Daniel Frank Sedwick, LLC Professional numismatists specializing in the colonial coinage of Spanish America, shipwreck cob coins and artifacts of all nations. Daniel Frank Sedwick, LLC Professional numismatists specializing in the colonial coinage of Spanish America, shipwreck cob coins and artifacts of all nations.
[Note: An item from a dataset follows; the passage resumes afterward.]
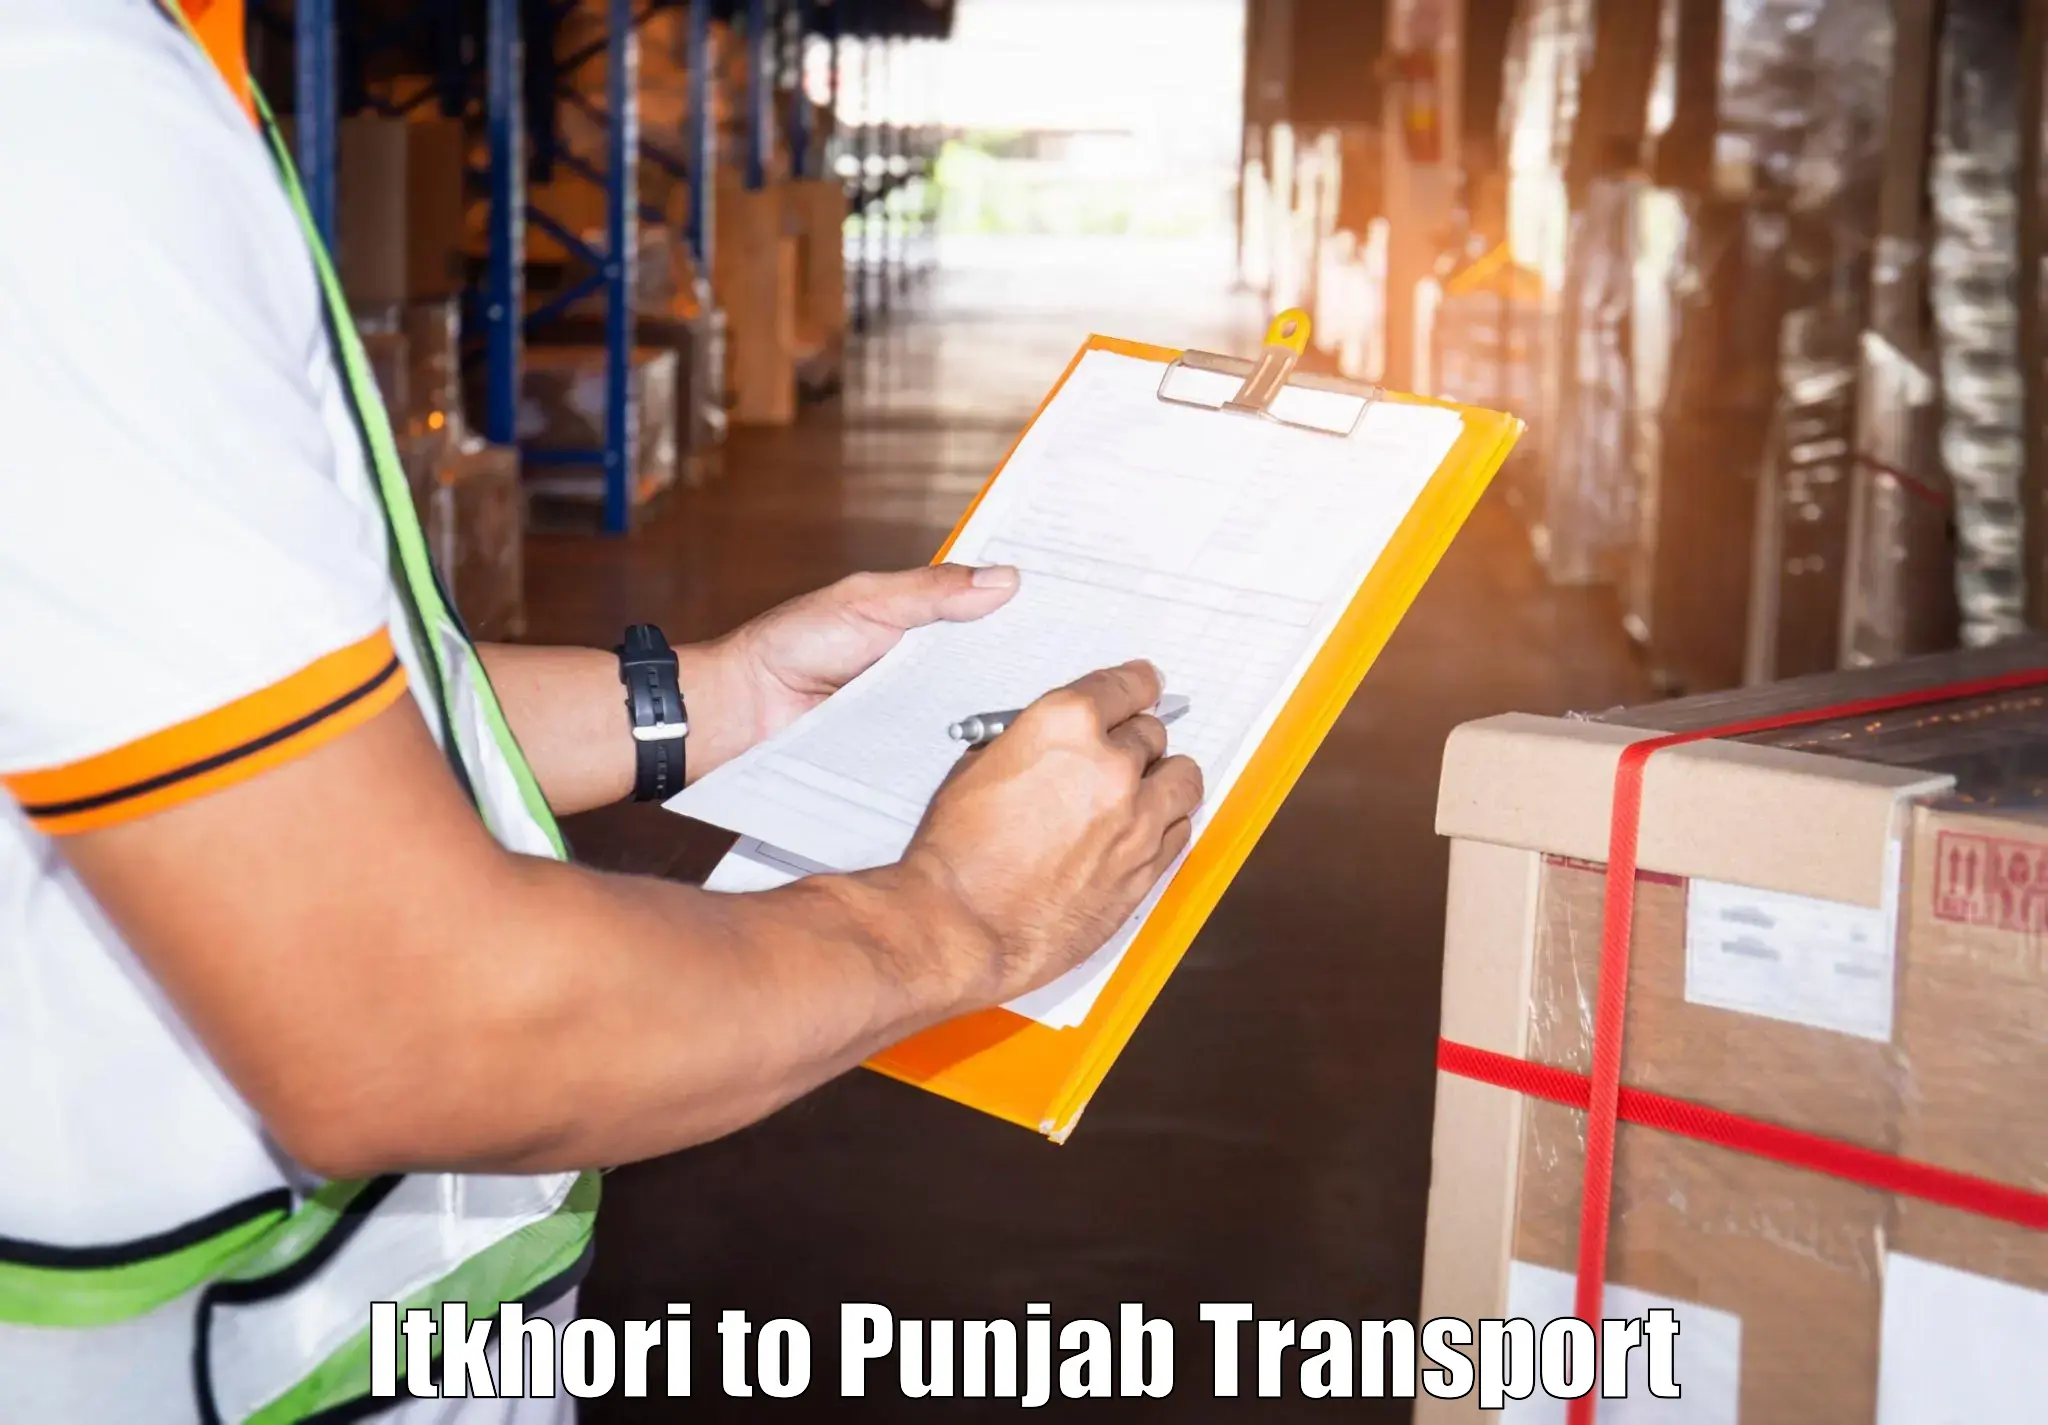 Furniture transport service Itkhori to Amritsar
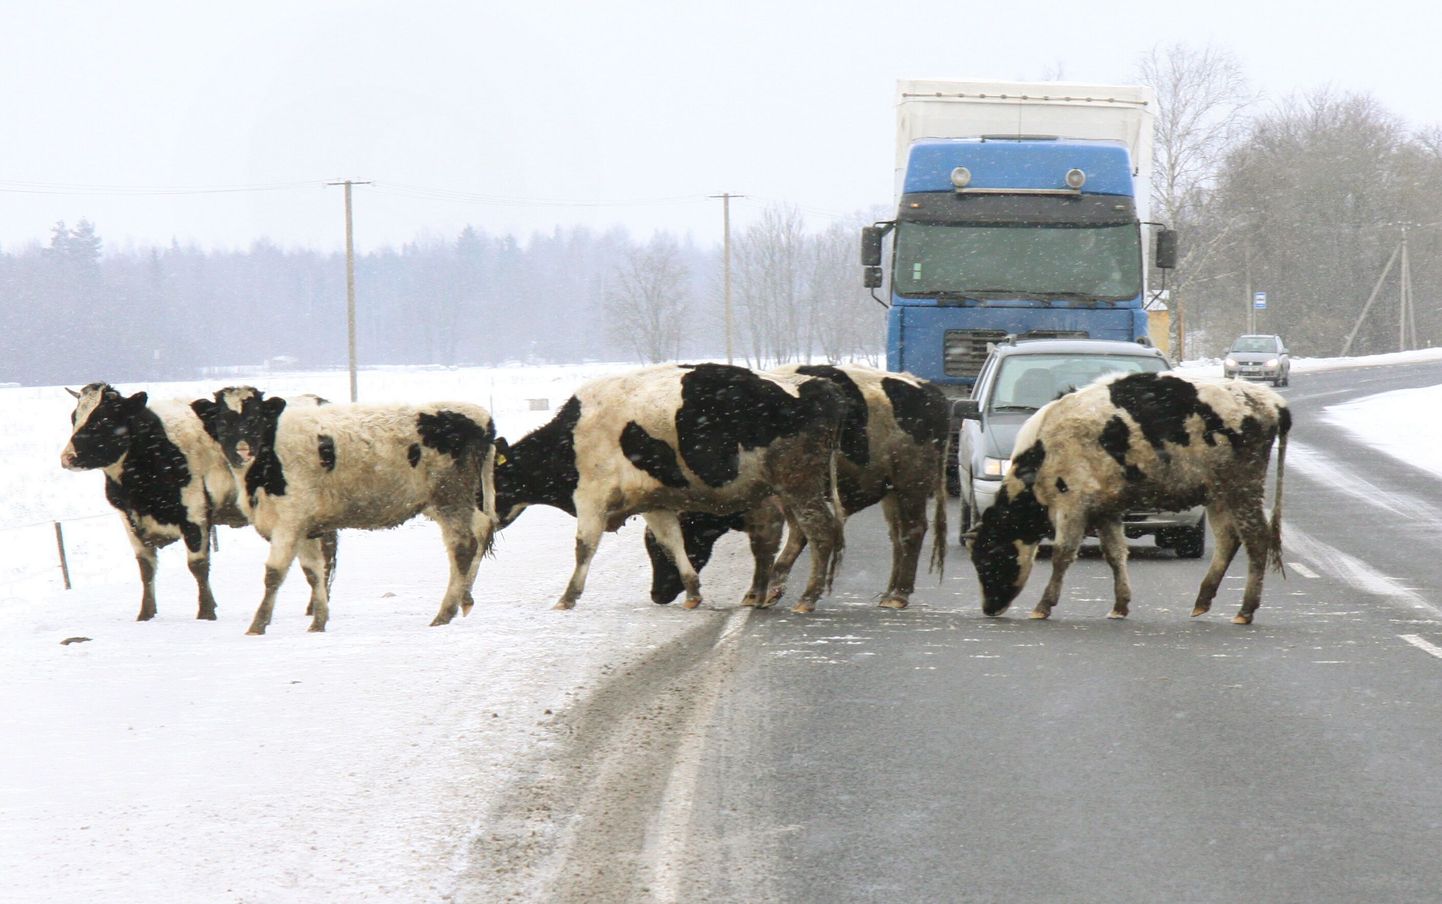 Mannare külas elava taluniku isepäi jalutavad loomad on Tori vallas põhjustanud liiklusõnnetusi varemgi. Pärnu Postimehe fotograafi kaamera ette jäi loomakari veebruaris.

Serious coin collectors generally concentrate on perfection—the more perfect the coin, the more desirable and valuable it is. As a result many of them shy away from cobs, which, being hand-struck on hand-cut flans, are understandably less than perfect. The gold cobs of Lima and Cuzco, Peru, however, are the exception, and their beautiful design and execution are finally getting the attention they deserve from an increasing cadre of new collectors of means all over the world, with still many decades to go before these coins hit the six-figure levels of comparable US coins.[1]

 

Lima Gold Cobs 1715 Fleet Lima, Peru, cobs choice set: 8 escudos 1712M, 4 escudos 1710M,

Lima, Peru, cobs choice set: 8 escudos 1712M, 4 escudos 1710M,

2 escudos 1710H and 1 escudo 1710H. From the 1715 Fleet.

 

For starters, the Peruvian gold-cob series is eminently collectible, with nearly all the years of 1696-1750 more or less available with time and patience, at least in the 8 escudos, as the smaller gold coins are less common overall (note also that we are excluding the unauthorized issues of 1659, which are somewhat conjectural). That is not to say that Peruvian gold cobs are common; in fact the opposite is the case, as generally these coins were shipped to Spain and melted.[2] Not surprisingly, much of the market supply of these coins comes from several different shipwreck finds, particularly the 1715 Fleet[3] but also the Loosdrecht (1719), the 1733 Fleet and the Luz (1752).[4] Type-collectors enjoy the fact that Peruvian gold cobs cover four reigns—Charles II, Philip V, Louis I and Ferdinand VI—while numerous die-varieties (overdates, legend lettering and interior ornamentation) present challenges for advanced collectors. Perhaps most important, the gold cobs of Peru have a unique design, which was not made at any other Old World or New World Spanish mint.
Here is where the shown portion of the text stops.